» **RECORDS SHOWN**:
______________________________

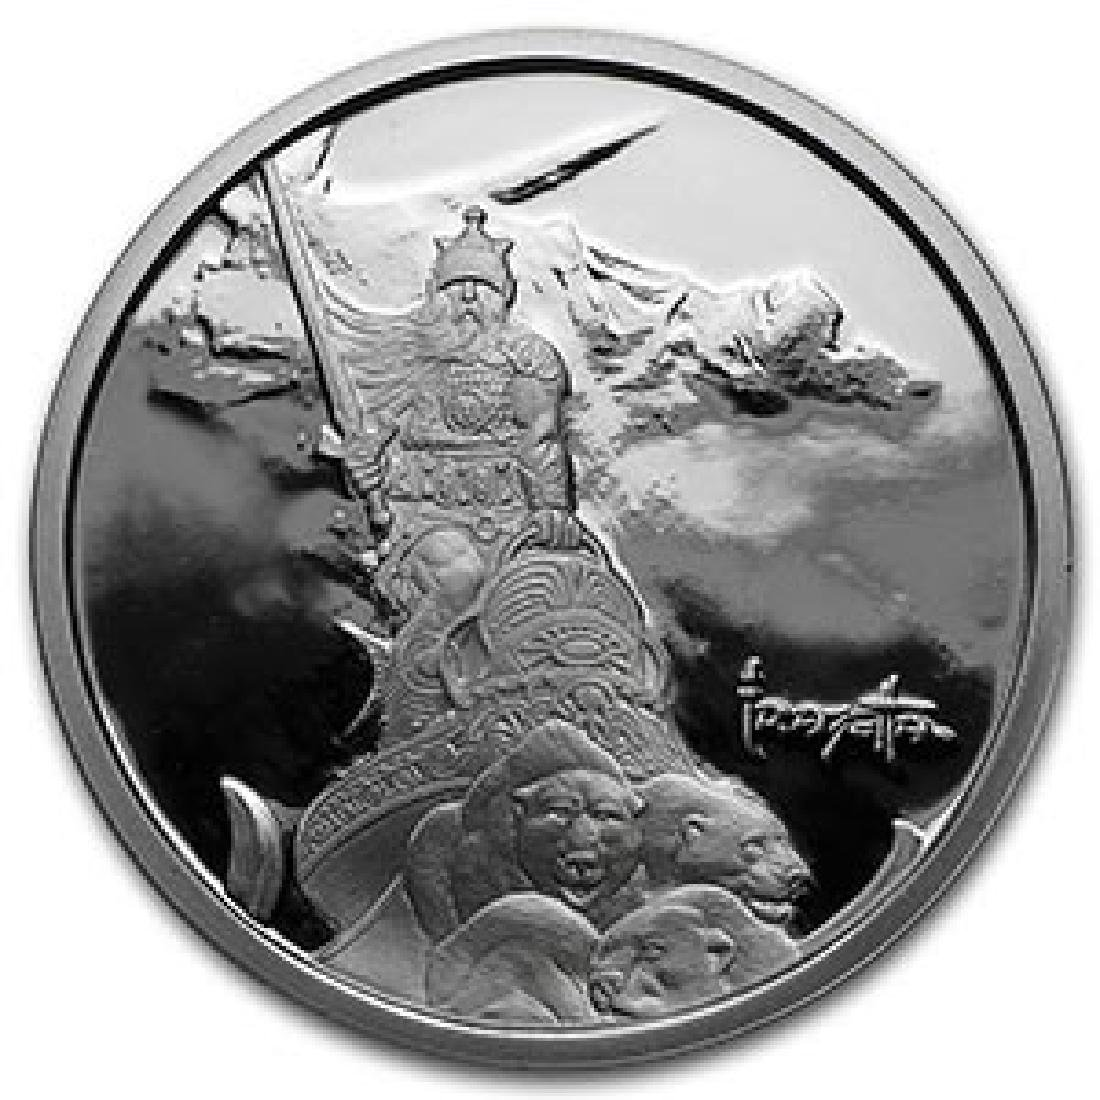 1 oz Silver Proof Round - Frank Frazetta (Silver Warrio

______________________________

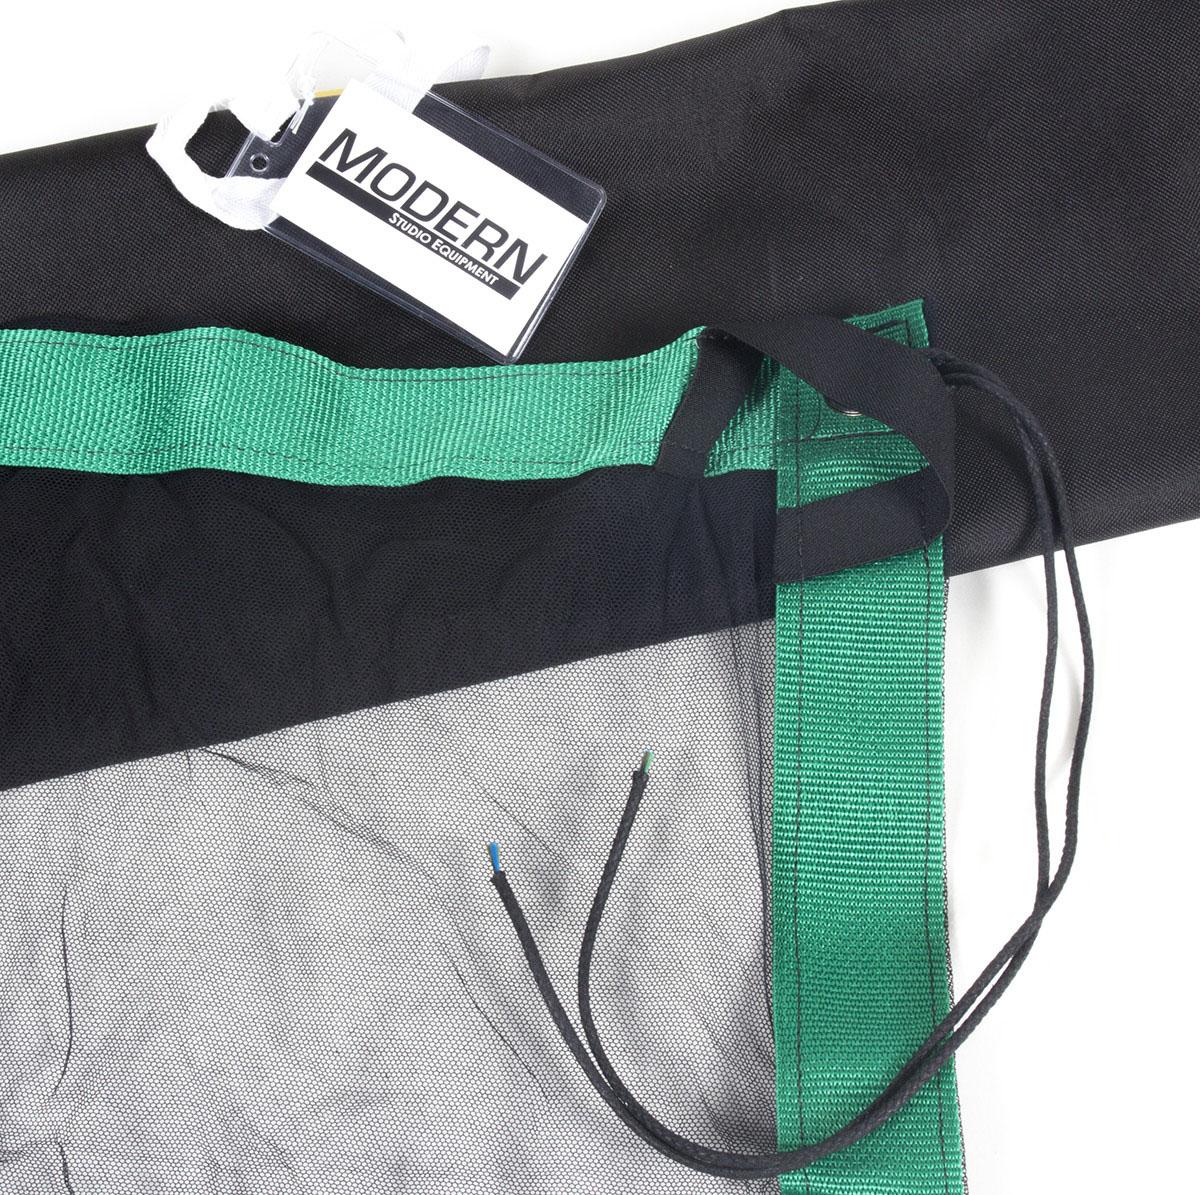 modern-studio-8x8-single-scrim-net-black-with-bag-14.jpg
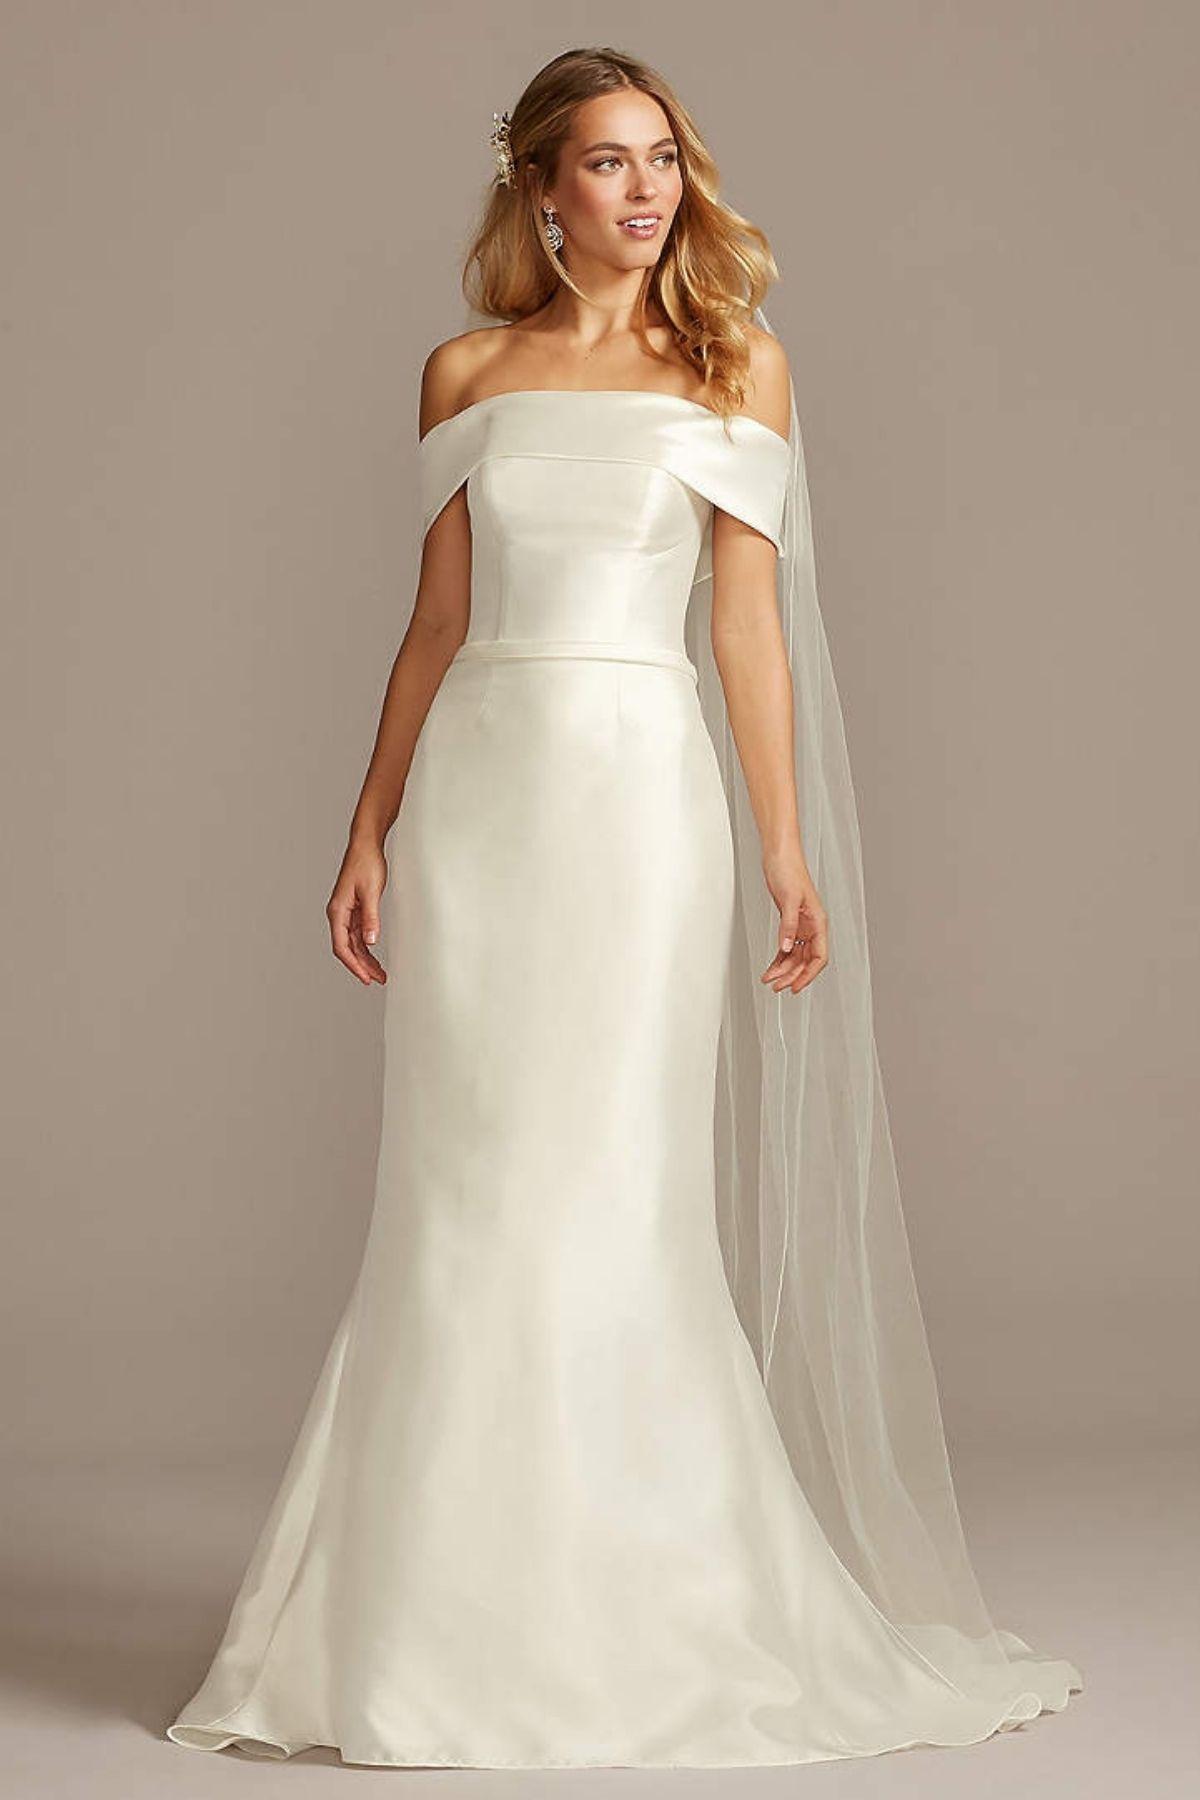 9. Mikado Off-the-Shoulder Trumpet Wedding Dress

______________________________

Copy needed, without pictures: the lines of the listing above from the line containing "modern-studio-8x8-single-scrim-net-black-with-bag-14.jpg" up to and including the line containing "9. Mikado Off-the-Shoulder", set down exactly.

 modern-studio-8x8-single-scrim-net-black-with-bag-14.jpg
 9. Mikado Off-the-Shoulder Trumpet Wedding Dress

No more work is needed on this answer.